(WASHINGTON, D.C.) One June 22, the House Natural Resources Federal Lands Subcommittee held an oversight hearing on challenges and potential solutions for the Bureau of Land Management’s (BLM) management of wild horses and burros on federal land.
Unfortunately for the wild horses and burros the people invited to give testimony and ask for Congressional intervention were mouthpieces for the Department of Agriculture and the American Farm Bureau—in other words representatives of the livestock industry who want a landscape void of wild horses and burros and instead filled with doomed cattle and sheep.
The transfer of off-range wild horses from the BLM to state and local agencies to be used as work animals, unrestricted sales of young healthy wild horses, killing of older horses, increased BLM budgets for immediate massive on-range roundups, as well as the quick implementation of permanent sterilization methods, were all part of this horrific, one-sided misguided conversation between the witnesses and the members of congress.
That’s why Edita Birnkrant, Friends of Animals’ Campaigns director, disrupted the hearing for two minutes at the midway point, yelling: “The solution is getting welfare ranchers off of our public lands, which have been turned into feedlots. This meeting is a disgrace; you are demonizing wild horses. Give our public lands back to wildlife.”
Members of Congress then continued to speak, showing no love loss for wild horses or for what they consider BLM’s mismanagement of wild horses.
“Basically what we are doing is crowding out the grazing of livestock for human consumption and economic prosperity to create more and more land for wild horses. Does this make sense to you?” Rep. Tom McClintock, asked the witnesses. “So we are supposed to continue to harvest the surplus of cattle but not of wild horses?

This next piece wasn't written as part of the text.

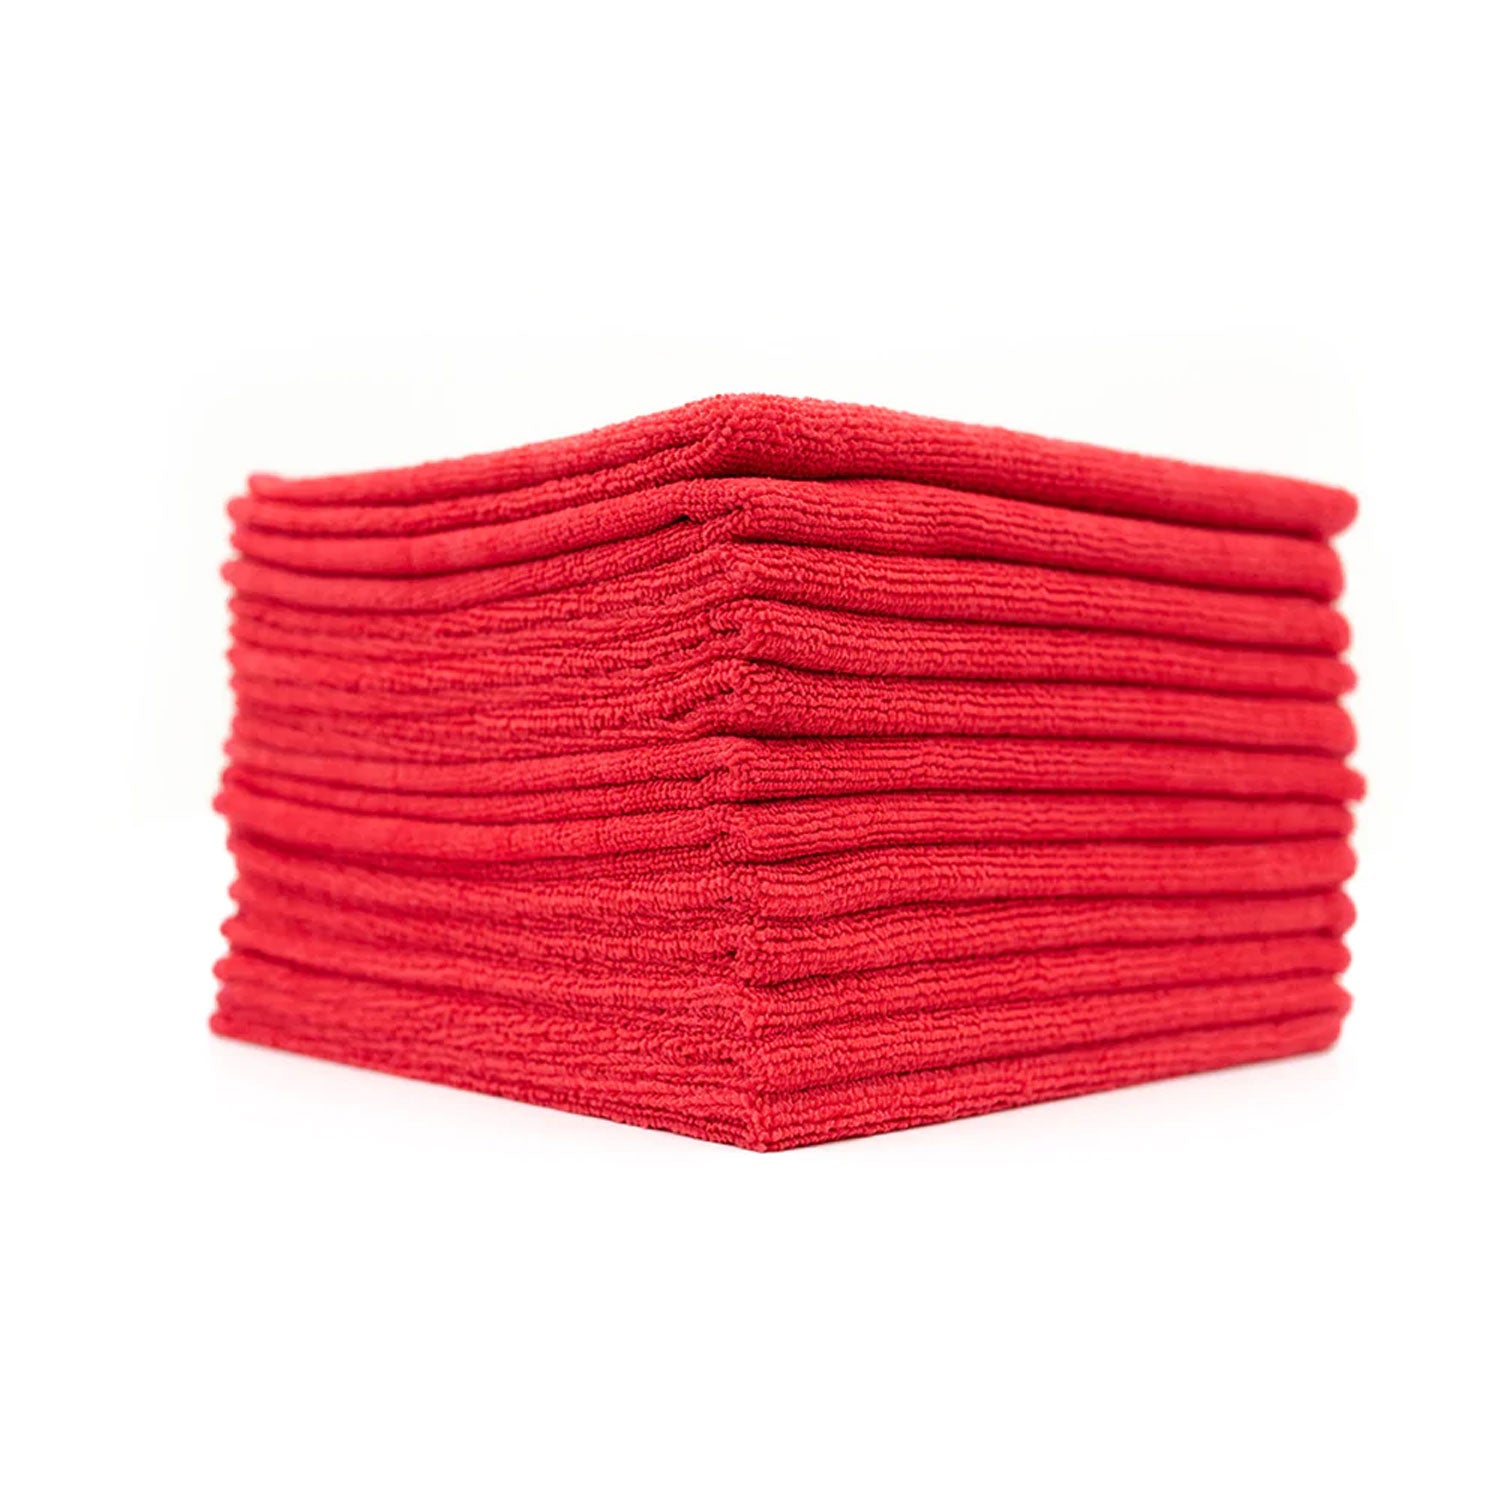 terry-cloth-microfiber-all-purpose-towels-12-pack-red

“The Wild Horse and Burro Act of 1971 requires the BLM to remove excess wild horses to prevent an overpopulation. So since Congress passed the law, we’ve seen the numbers wildly exceed what the appropriate management level will tolerate. That means your entity (the BLM) is in violation of the law, right? If you aren’t meeting the goals, maybe somebody else should have the responsibility,” said Rep. Doug LaMalfa of California.
“There was a bill some years back that was advocating permanent sterilization and temporary sterilization so that the horses could enjoy the process of multiplying when they had done appropriate family planning. What is the holdup in defending ourselves against massive runaway costs from the overpopulation of wild horses and burros? Why can’t we have an effort once and for all to utilize sterilization,” said Rep. Louie Gohmert of Texas. “It sounds like there are all these (sterilization) studies being done, but the veterinarian on the panel is pointing out we don’t have time for a lot more studies. I would recommend a bill that would end the studies and start the implementation of what we know needs to be done.”
The leaders of the lynch mob, the invited witnesses who perpetuated the myth that wild horses are overpopulated despite cattle and sheep far outnumbering wild horses on public lands were: Dr. JJ Goicoechea, state veterinarian and deputy administrator for the State of Nevada Dept. of Agriculture; Callie Hendrickson, chairwoman of the American Farm Bureau Federation Federal Lands Issue Advisory Committee; and Keith Norris, director of the government affairs for the Wildlife Society. They were joined by Steve Ellis, deputy director of operations for the BLM, and Ginger Kathrens, executive director of the Cloud Foundation, the latter who were often bullied by everyone in the room.
Perhaps the most ominous suggestion came from Rep. Paul Gosar of Arizona, when he alluded to longstanding Congressional appropriations language that limits BLM’s ability to sell healthy horses and kill older horses.
“Mr. Norris, are you aware that Congress has contributed to the mismanagement of wild horse and burro populations by explicitly prohibiting public land management agencies through an unnecessary appropriations rider from complying with the law and managing wild horses and burros in the most cost effective and humane manner possible,” Gosar asked. He then asked Norris if the rider should be removed to help BLM and other agencies manage wild horses.
“I think the removal of the rider is certainly an option that Congress should consider,” replied Norris. “It would allow BLM to address the off range population. It would relieve them of their obligation to care for that off range population, which would allow them to manage the on range population more appropriately.